The Minister of State was able to inform me that 2,386 reports of child abuse were received by the Eastern Health Board in 1996 of which 833 were confirmed but he did not have available information on the extent to which the abuse, alleged or confirmed, related to physical, sexual or emotional abuse or neglect. In the context of policy planning, social work training and the provision of backup services, such information is essential.

Last Thursday when asked by me for the number of applications made to each District Court by health boards pursuant to the Child Care Act, 1991, and the number of court orders made under that Act for the legal year 1 August 1996 to 31 July 1997 the Minister for Justice, Equality and Law Reform did not have available the relevant statistical information for the Dublin metropolitan district area in which a large number of such applications are brought and granted weekly.

On the same day the Minister for Health and Children did not have available any information on the total number of court orders sought or obtained by health boards under the Child Care Act, 1991, since it came into force in autumn 1995. The response I obtained was that the Minister was requesting the health boards to provide the information sought. It is clear that if I had not raised these issues by way of parliamentary question, much of this information would never have been sought by or, probably, been available to Government. In this day and age it should not be necessary to have to emphasise the need for coherent research and monitoring the workings of our child care system. I would have expected it to be a central function of Government to monitor the workings of the Child Care Act, 1991, to ensure that legislation is working in the manner originally envisaged.

There are other issues that deserve to be addressed for which I do not have time but which will be addressed by my colleagues. There is one specific issue about which this House is in denial and which we must confront. Just as we are entitled to be critical of the failures of the Irish Amateur Swimming Association, we are also entitled to be critical of the failures of the Roman Catholic Church to address the problem of paedophile priests in its midst. We are entitled to ask how it came about that priests who were reported to have abused children were moved from one parish to another in past years and their activities covered up by those in authority.

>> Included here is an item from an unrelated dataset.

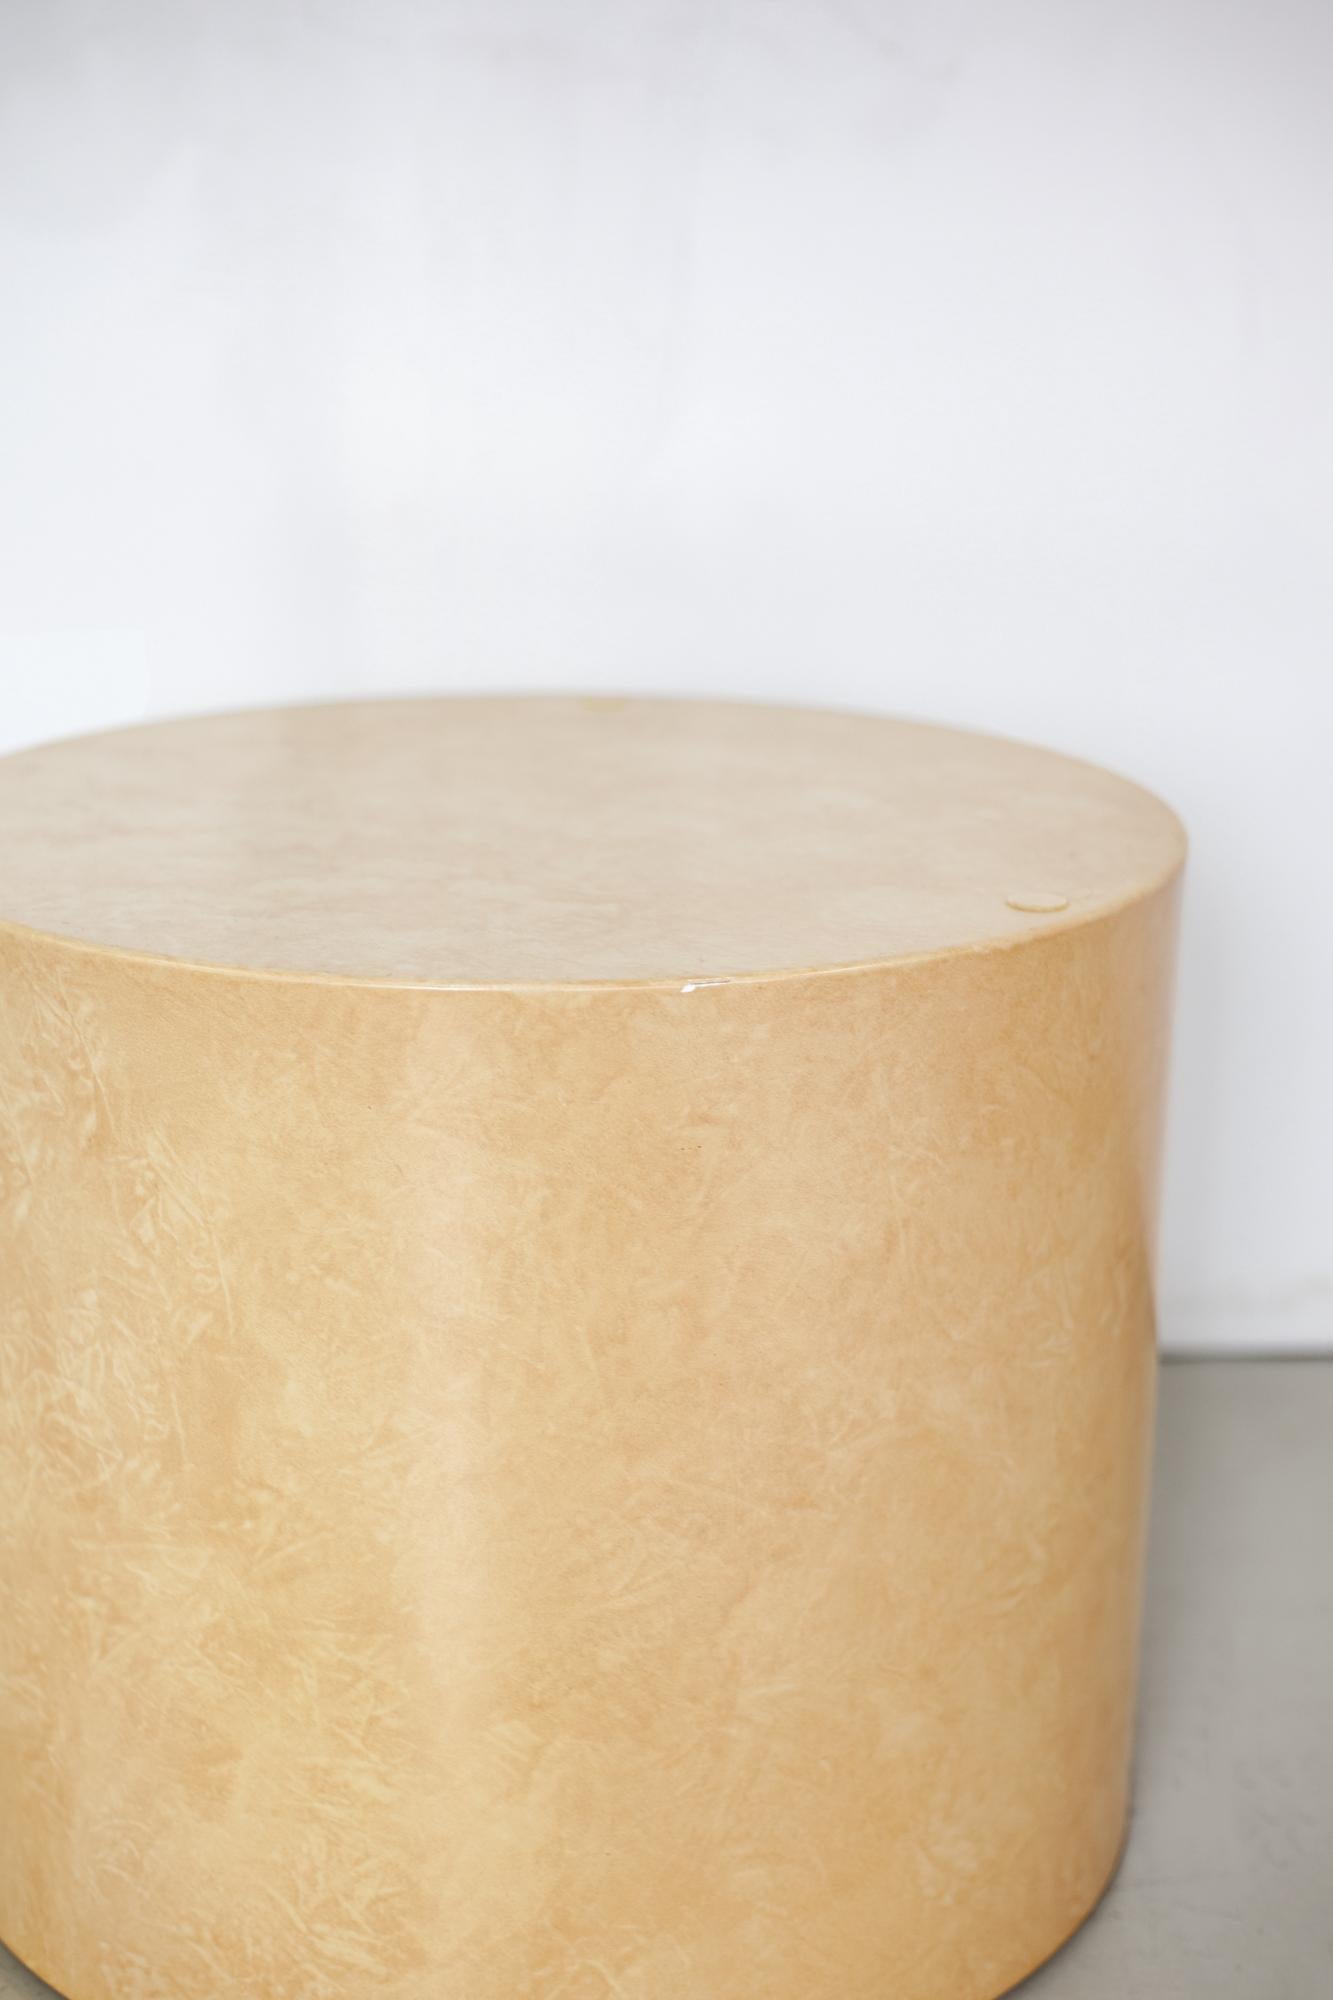 Paul Mayen for Intrex Burl Finish Coffee Table Base In Good Condition For Sale In Brooklyn, NY

In the context of Fr. Ivan Payne finally admitting his crimes last week, we are entitled to ask the church why this man was appointed to an extraordinarily sensitive position in the Marriage Tribunal in Drumcondra after it was known he had abused Andrew Madden. We are entitled to ask for public assurances that there is no one in the priesthood in this State who has a paedophile history and who currently has access to children in his work as a priest. I say this as someone who has viewed with great sadness recent events in this area and has some intimate knowledge of the extent of the problem with which Members of this House may not be fully aware. My concern is for all the children of this nation. It is hypocritical of us to call to account the Irish Amateur Swimming Association and to turn a blind eye to the litany of sexual horrors that have been disclosed by a series of court cases in which members of the clergy have been sentenced to terms of imprisonment.

As someone who works in the area of family law I find the Fr. Payne case particularly appalling. I should make a declaration of interest by stating that the law firm of which I am a member, but not myself personally, represented the courageous Andrew Madden and processed the civil court proceedings brought on his behalf which were ultimately settled in his favour. Without Andrew Madden's persistence and courage, Fr. Payne would never have been investigated by the Garda. He would never have been brought before our courts and successfully prosecuted and would still be sitting in the Marriage Tribunal in Drumcondra, in Archbishop's House, as men and women discussed in his presence the intimate details of their married life to facilitate his determining whether there was any basis for granting them a church decree of nullity.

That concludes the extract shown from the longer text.